Technologie
La technologie NanoStringMC est utilisée pour capturer et dénombrer des molécules d’ADN (CNV, SNV, in/del), d’ARN (ARNm, miARN, fusions) ou des protéines (y compris celles qui présentent des modifications post-traductionnelles) à l’aide d’un système de sondes chromocodées. Les avantages de la technologie NanoStringMC par rapport aux plateformes existantes sont notamment sa capacité à mesurer directement les cibles, sans réactions enzymatiques ni biais d’amplification, sa sensibilité couplée à une haute capacité de multiplexage, et sa production de résultats numériques.
Le système d’analyse de l’expression des gènes nCounter® de NanoStringMC est plus sensible que celui des biopuces et d’une sensibilité et d’une précision semblables à celles de la PCR en temps réel. Comme il permet la quantification des ARNm de faible abondance dans de petits échantillons, ce système est particulièrement utile pour définir des profils d’expression et des signatures spécifiques dans des échantillons cliniques.
CellCarta offre une analyse sensible et reproductible de l’expression génique permettant de tester jusqu’à 800 gènes en une seule réaction à l’aide de la technologie NanoStringMC.
Le système NanoStringMC permet le dénombrement numérisé jusqu’à environ 1 million de molécules par zone d’échantillonnage au moyen de deux sondes spécifiques de la cible. Une première sonde (environ 50 bases) complémentaire à la séquence cible et couplée à la biotine permet de capturer la molécule cible, et une deuxième sonde (environ 50 bases) également complémentaire à la séquence cible, mais couplée à une extension chromocodée, procure le signal de détection. Cette extension chromocodée consiste en une série de segments d’ARN complémentaires transcrits in vitro, chacun marqué par un fluorophore spécifique. L’ordre de présentation crée un code unique qui est utilisé pour identifier la cible.
Une fois la cible liée par les deux sondes, elle est isolée sur une surface recouverte de streptavidine, immobilisée dans un état allongé à l’aide d’un champ électrique et visualisée. L’ordre spécifique des signaux fluorescents permet l’identification et la quantification de la cible.
Le système NanostringMC possède une capacité de multiplexage élevée et permet de tester jusqu’à 800 gènes cibles en un seul essai à l’aide du système nCounter®.
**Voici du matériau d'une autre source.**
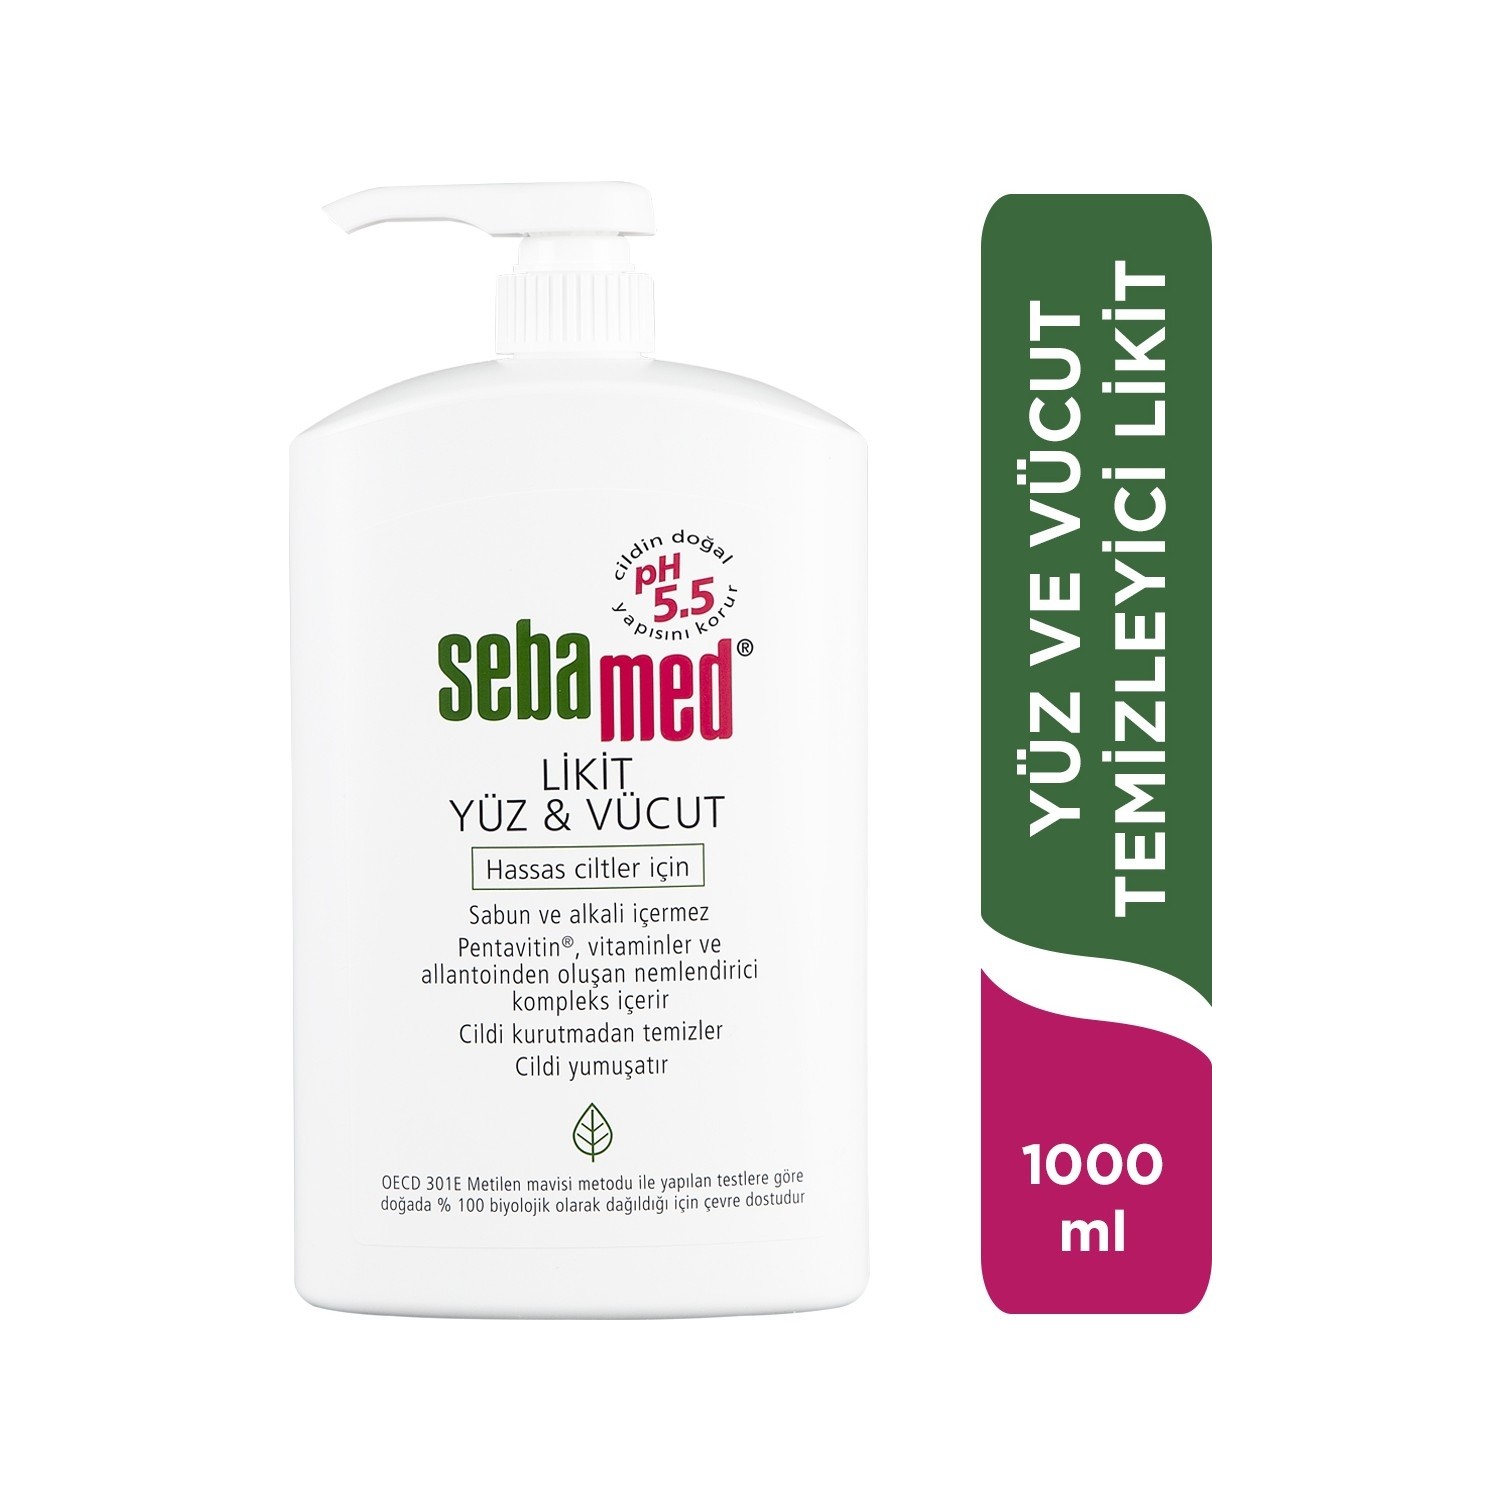 Очищающее средство Sebamed Liquid для лица и тела, 1000 мл гель для душа sebamed очищающий гель liquid face

Idéal pour définir des signatures d’expression génique dans les échantillons cliniques, 100 ng d’ARN total (dans un volume de 5 à 10 μl) sont généralement nécessaires pour la plupart des panels d’expression génique. Le nombre requis d’échantillons FFIP sur lames de verre dépend du type de biopsie et de la cellularité. Les recommandations suivantes peuvent généralement être utilisées comme point de départ :
Ce protocole simple permet d’obtenir des résultats sensibles, précis et quantitatifs. Les données numériques obtenues comprennent une liste des gènes examinés et le nombre de fois qu’ils ont été détectés dans les échantillons. Différentes représentations des résultats de l’analyse sont offertes pour faciliter l’interprétation des données, notamment des boîtes à moustache pour chaque groupe de traitement, des diagrammes de dispersion de tous les gènes, des analyses avancées spécifiques, des regroupements de gènes et des cartes de densité.
Des panels prêts à l’emploi sont offerts et peuvent être personnalisés en fonction des besoins. Le panel « Pan cancer 770-plex » est un panel particulièrement utilisé dans le cadre d’essais cliniques portant sur l’immunothérapie pour étudier les principales voies de signalisation associées à l’apparition et au développement du cancer.